You can create an array of maximum digit values, indexed by base, and test the length of your number before calling base_convert().

### The (Often Big) Tradeoff

Limiting the maximum number of digits cuts the top range of integers you can convert safely with base_convert() — sometimes significantly. It depends on the relative value of the top (most significant) digit you are cutting. This table shows the percentage of safe integers allowed by the maximum digit value — what I call *coverage* — by base:

Base | Max Digits | Coverage |
---|---|---|

2 | 53 | ≈100% |

3 | 33 | ≈61.7% |

4 | 26 | ≈50% |

5 | 22 | ≈26.5% |

6 | 20 | ≈40.6% |

7 | 18 | ≈18.1% |

8 | 17 | ≈25% |

9 | 16 | ≈20.6% |

10 |
15 |
≈11.1% |

11 | 15 | ≈46.4% |

12 | 14 | ≈14.3% |

13 | 14 | ≈43.7% |

14 | 13 | ≈8.8% |

15 | 13 | ≈21.6% |

16 | 13 | ≈50% |

17 | 12 | ≈6.5% |

18 | 12 | ≈12.8% |

19 | 12 | ≈24.6% |

20 | 12 | ≈45.5% |

21 | 12 | ≈81.7% |

22 | 11 | ≈6.5% |

23 | 11 | ≈10.6% |

24 | 11 | ≈16.9% |

25 | 11 | ≈26.5% |

26 | 11 | ≈40.7% |

27 | 11 | ≈61.7% |

28 | 11 | ≈92.1% |

29 | 10 | ≈4.7% |

30 | 10 | ≈6.6% |

31 | 10 | ≈9.1% |

32 | 10 | ≈12.5% |

33 | 10 | ≈17% |

34 | 10 | ≈22.9% |

35 | 10 | ≈30.6% |

36 | 10 | ≈40.6% |

You can improve your coverage significantly with a hybrid test: you can allow one digit more than the maximum length as long as the top digit occurs lexicographically before the value of the top digit in that base’s representation of 2^{53}. For example, In base 29, the maximum digit length number *ssssssssss* (10 digits) gives less than 5% coverage. 2^{53} in base 29 is *lbpf6d7shib* (the top digit is the letter ‘l’, not the digit ‘1’ — which is why my arbitrary-precision base converter offers a character set that excludes that letter). Anything kssssssssss (which is 11 digits) or less is safe, giving over 98% coverage.
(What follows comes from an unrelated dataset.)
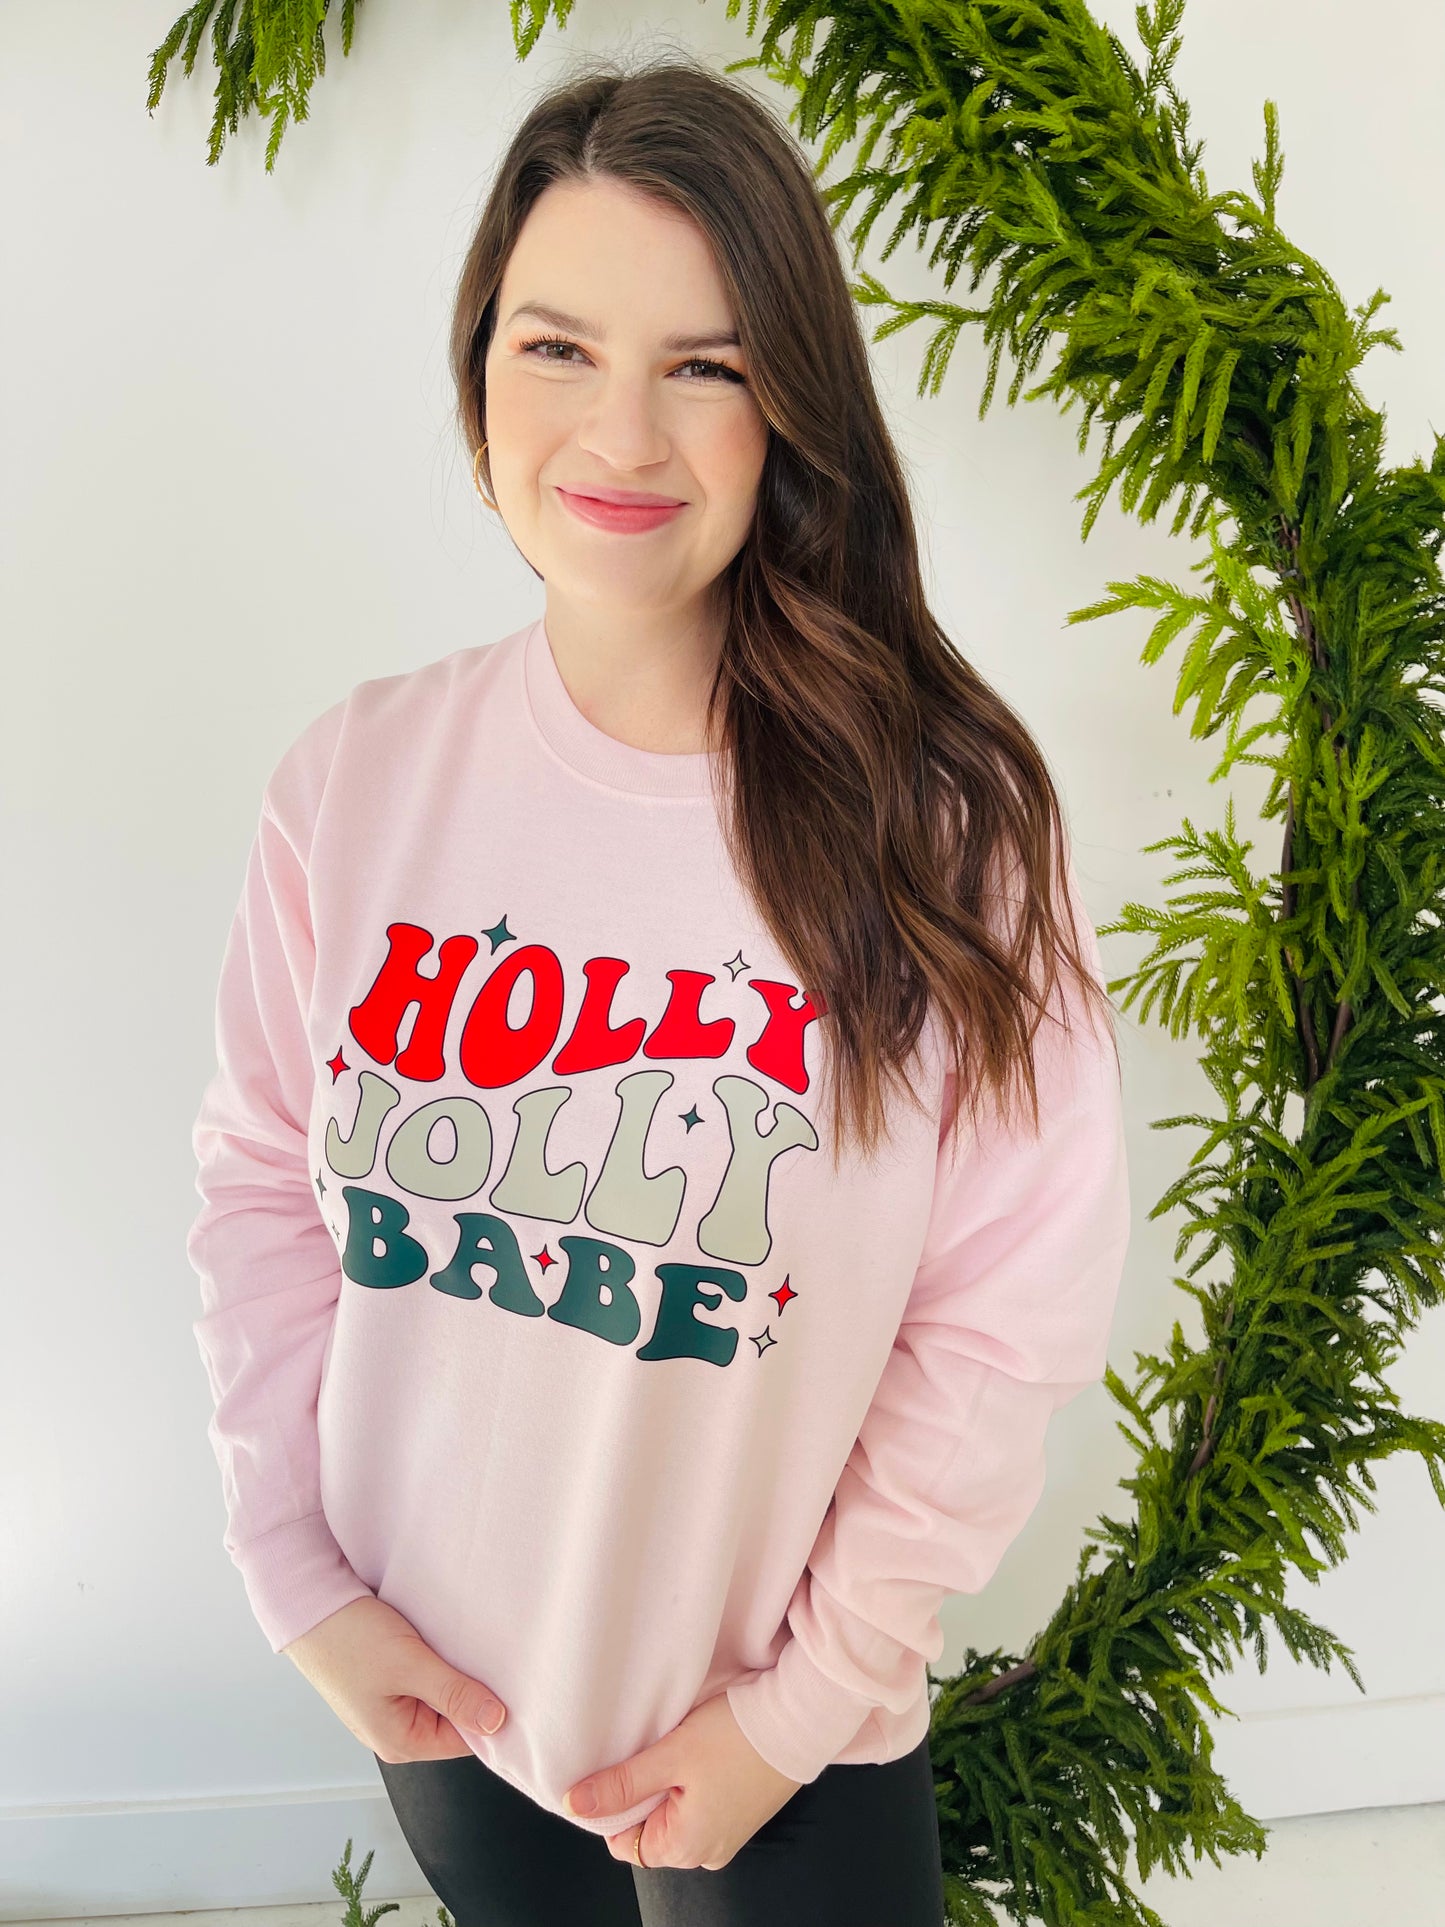 Are you a holly jolly babe this time of year? This sweatshirt is calling your name if so! This fun crewneck sweatshirt is a soft, light pink color with a vibrant retro looking graphic.

## One More Option: Just Eyeball It

You can skip the programmatic checks if you know that the range of numbers you will be converting is safe — by looking at the tables beforehand.

## A Better Warning

Perhaps this is a better warning for base_convert()’s documentation:

base_convert() can convert integers accurately only up to a certain size. This is due to the limits of the internal floating-point type used. If single-precision floating-point is used, the maximum integer is 2

^{24}; if double-precision floating-point is used, the maximum integer is 2^{53}.
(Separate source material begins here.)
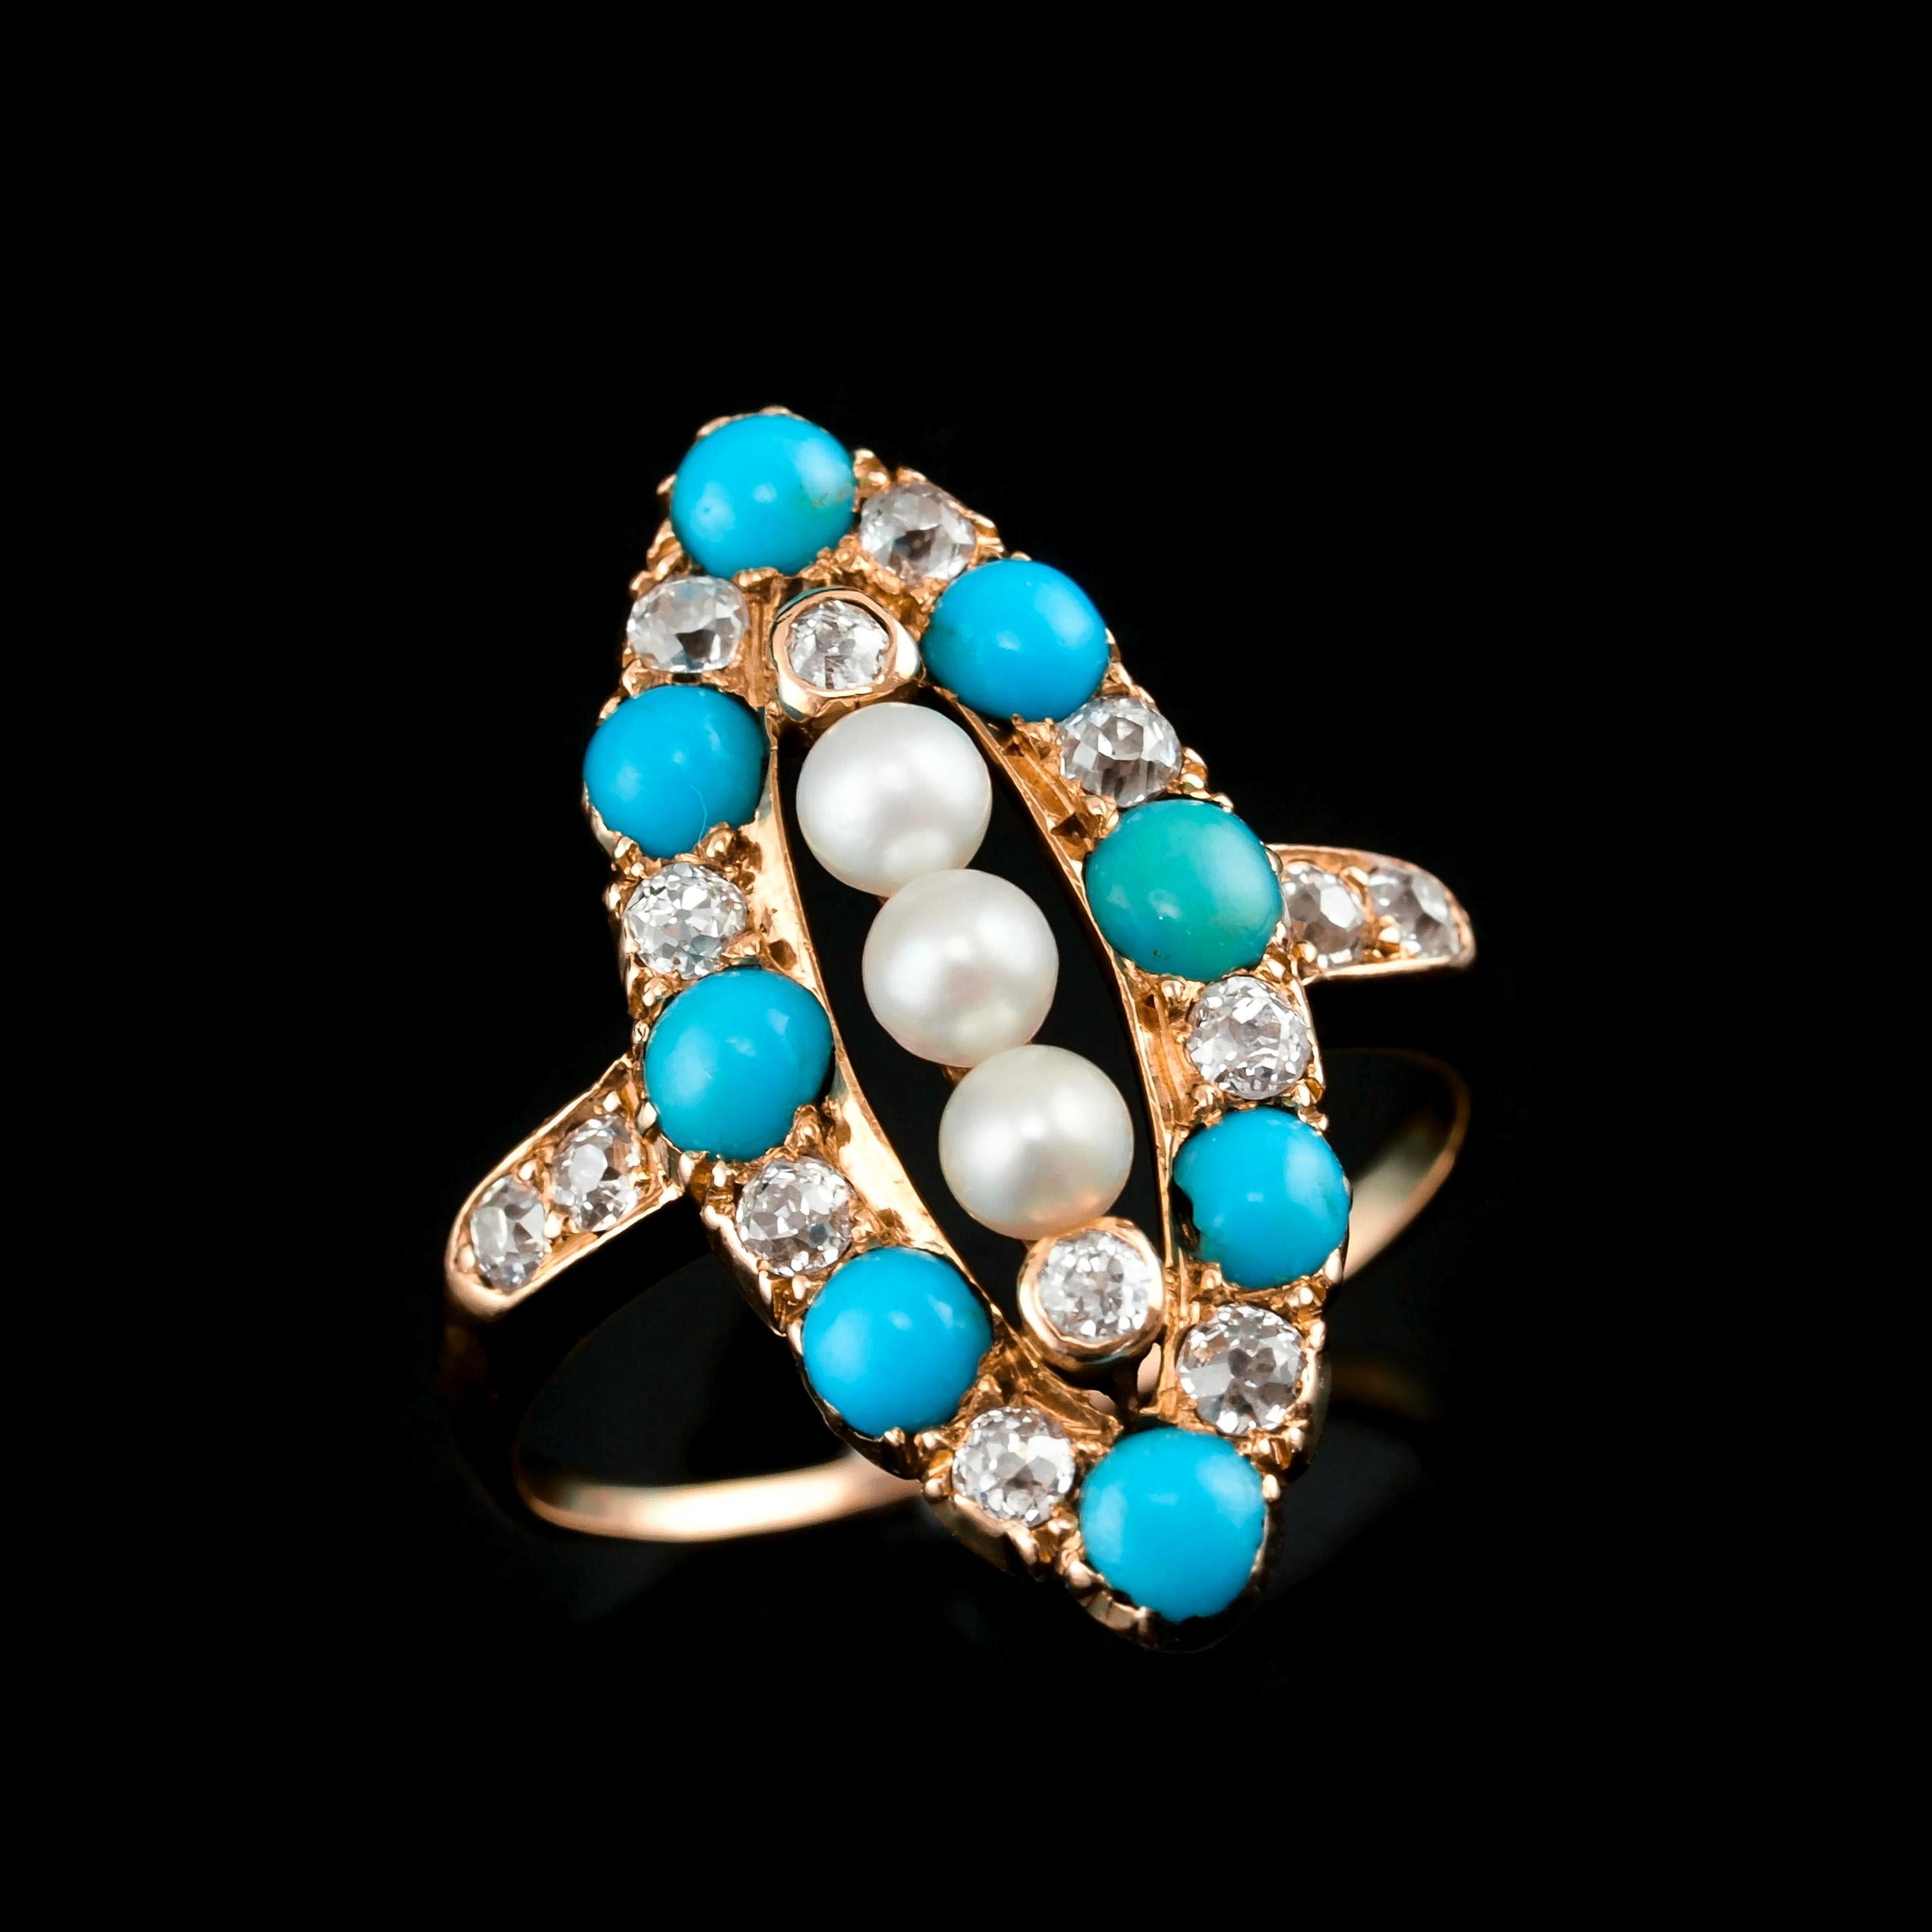 Antique Victorian Diamond Pearl Turquoise 18K Gold Ring Navette/Marquise c.1880 In Good Condition For Sale In London, GB

I would also add a note that said how to tell whether single or double precision is being used (this can be done by trial and error — but is there a better way?) Better yet, if there are no single-precision implementations, we could eliminate any talk of different precisions at all.

May 16th, 2016 at 3:09 am

I made this website

binarydecimal.com

By using base_convert

example

binarydecimal.com/ff00ff-hexadecimal

May 16th, 2016 at 8:46 am

@Jovica,

Your converter seems not to honor base_convert()’s safe range (put a large enough number in and it returns garbage).